What is modern art? - Caroline Ashwood

December 14, 2019

It’s an interesting question, that began 160 years ago. So, you could say modern art is quite old. 

Within fine art circles, what we call modern painting was first observed among the French impressionists of the 1870s. Paul Cezanne and a handful of his contemporary artists shook the Parisienne art world with their first exhibition of original paintings that challenged all previously accepted understanding of wall art

Abstract art


This new art on canvas was stylistic and bold. Some viewed it not as representational art at all, but as abstract art. However, it was a revolution that would continue and these pioneers had fathered a contemporary art movement that would lay the foundation for more spin off movements that challenged the art world even more. 

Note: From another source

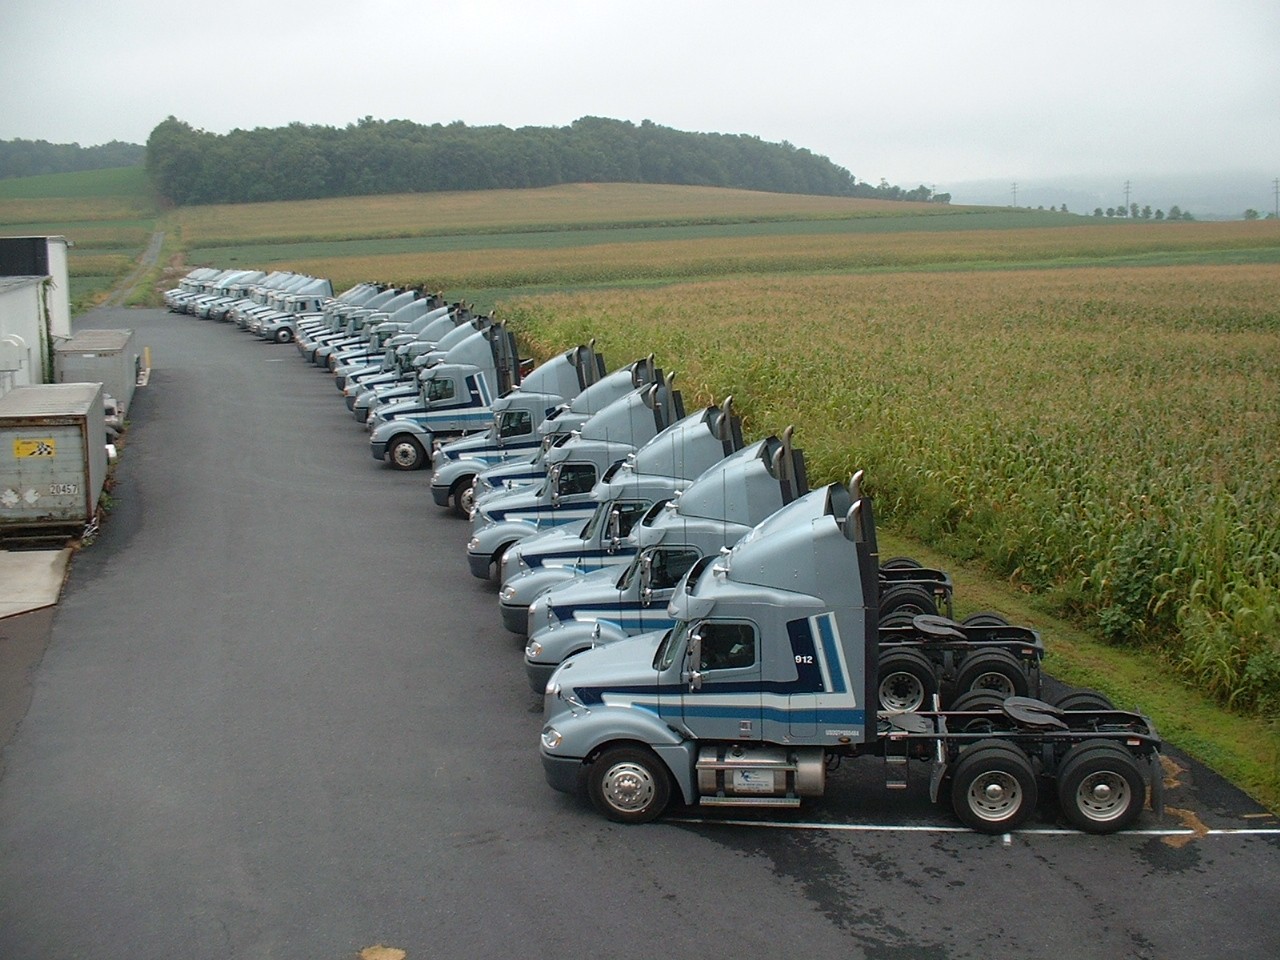 Just a few of Xpressway’s 70 Tractors

This new atmosphere of experimentation and contemporary artistic expression would begin to fill galleries with wall art that was both original art on canvas, and modern art that had found some of its inspiration in the art prints of Japan. 


Within a very short time, for the art world that is, with the turn of the century, came a new movement. A movement that would rock the art world even more that modern art. 


Abstract art. But it was not in the bohemian communities of Paris that this contemporary art form would blossom. Abstract art was burgeoning in far flung places that were darker and colder than middle Europe. Scandinavia and Russia are where abstract art first pricked the convention of wall art being representational and figurative. 


For many years, Russian artist Wassily Kandinsky was regarded as the first artist to take shape and form beyond the realms of traditional visual recognition of an object or a person. He painted feelings, impulses, he responded to stimulus with bold brush strokes and washes of colour that made no attempt to illustrate anything in particular, except for a thought or and emotion.

Kandinsky


And whilst Kandinsky was indeed the first male to demonstrate this original style of painting, he wasn’t the first artist. In fact, he was preceded by 6 years, by a woman. In Sweden.


Because in 1905, a student of the Royal College of Art in Stockholm commenced a collection of art on canvas that combined geometric shapes with organic forms and rhythmic patterns in a colour palette that demanded attention from the observer.  Hilma af Klint was a shy, sensitive young woman who claimed she channeled a spirit from ‘the other side’, named Amaliel, who instructed her on what art on canvas she was to paint. According to Hilma, Amaliel ‘even took control of her hand’ across the canvas. The result was abstract art that would represent familiar motifs in modern painting for decades to come.

Modern art


Modern art as a movement spread across the globe and reached its inevitable conclusion in the early 70s. Simply because the passage of time brought it a to a point where it seemed natural to talk about art being created, be it on canvas or art prints, was by virtue of it being of ‘now’, it would from there on be referred to as, contemporary art.


And as is typically cyclical in all art forms, it is no longer all about just abstraction in modern art. Original paintings since the 70s have been everything from representational realism to expressionistic wall art. 


In this new millennium, it is not unusual to see wall art that is a cross section of every kind of modern painting, and art prints, mixed in together.